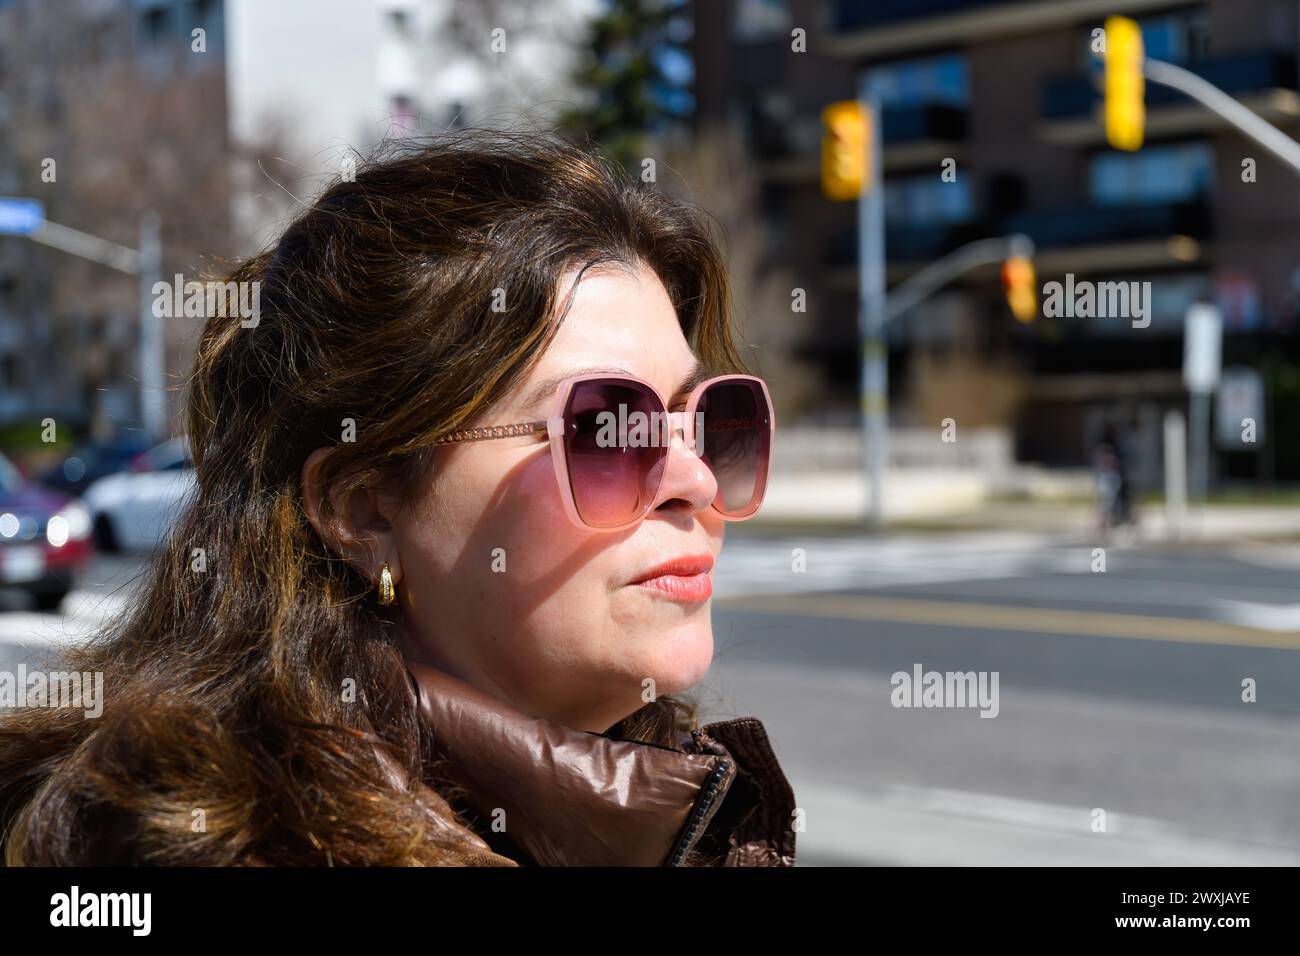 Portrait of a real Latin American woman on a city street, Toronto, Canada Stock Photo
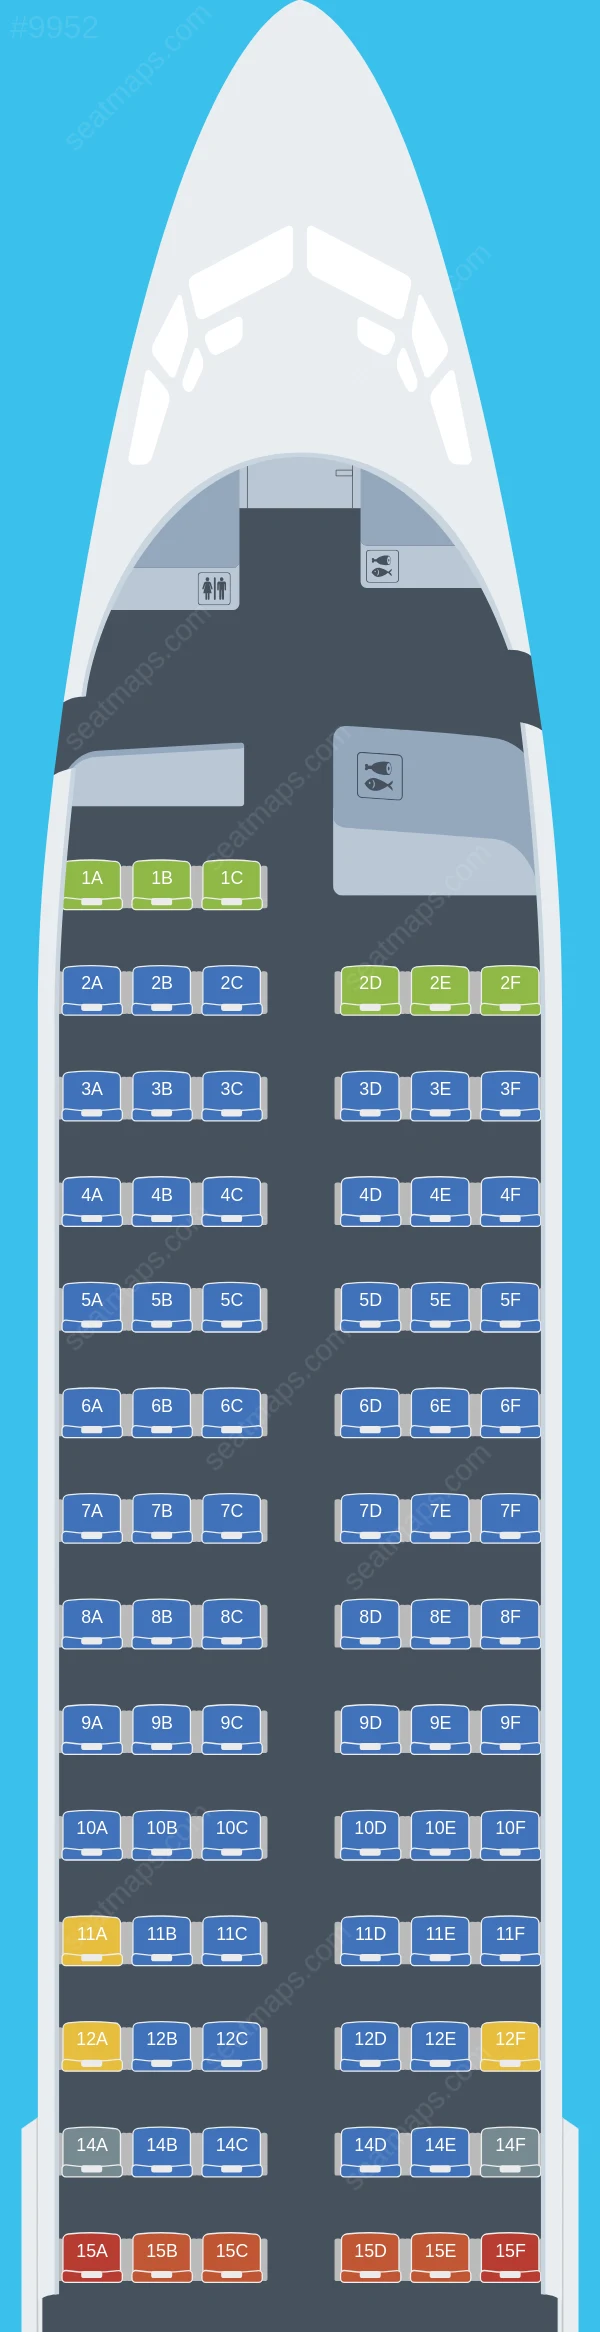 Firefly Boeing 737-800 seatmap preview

───

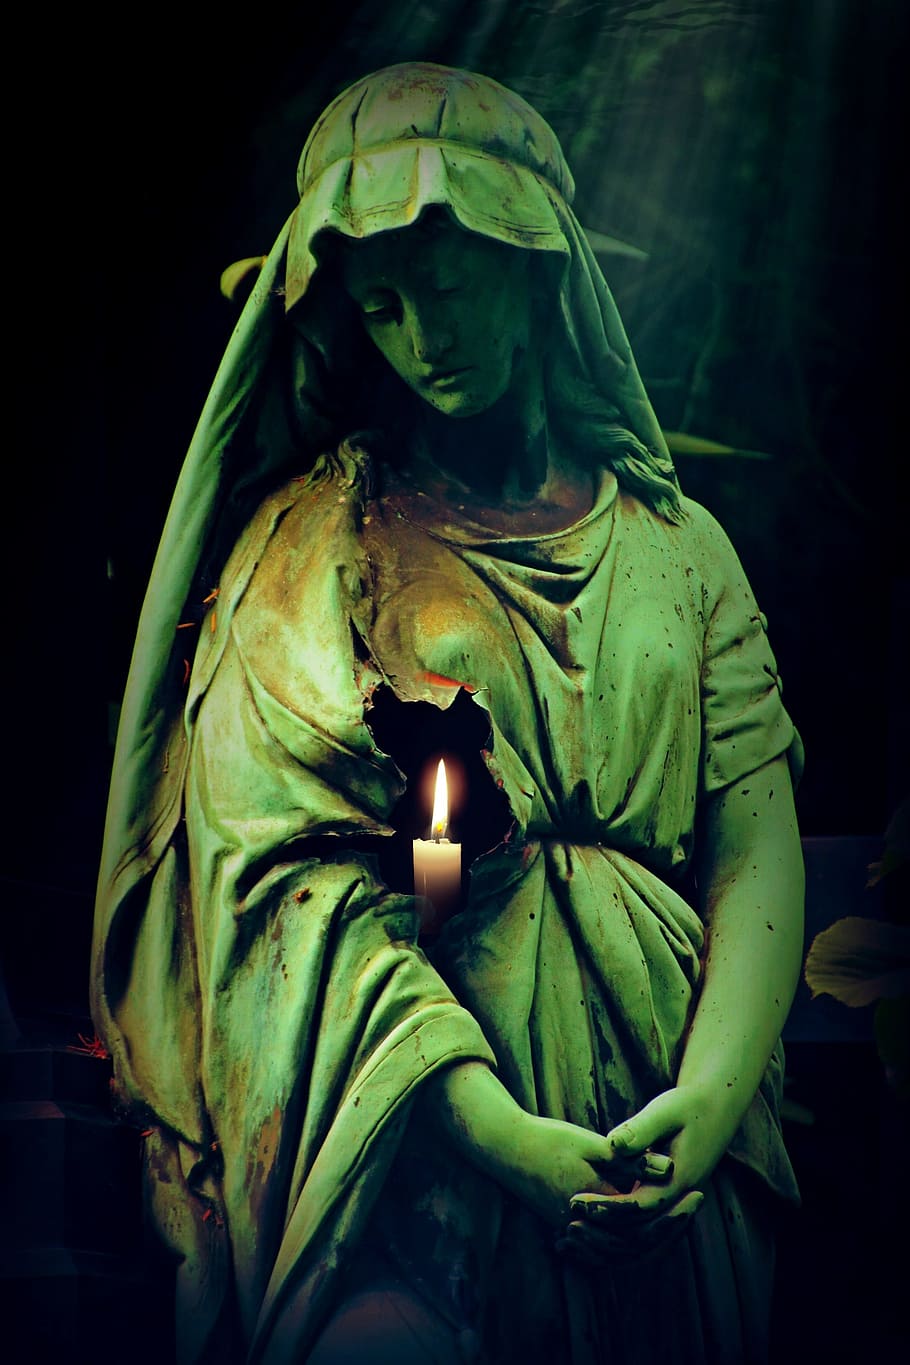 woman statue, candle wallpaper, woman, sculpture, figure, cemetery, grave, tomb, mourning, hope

───

■ PROBLEM STATEMENT: Transcribe, word for word, the stretch of lines in the data above from the one with "Portrait of a" through the one with "Firefly Boeing 737-800 seatmap preview"; omit all pictures.

■ ANSWER BOX:
 Portrait of a real Latin American woman on a city street, Toronto, Canada Stock Photo
 Firefly Boeing 737-800 seatmap preview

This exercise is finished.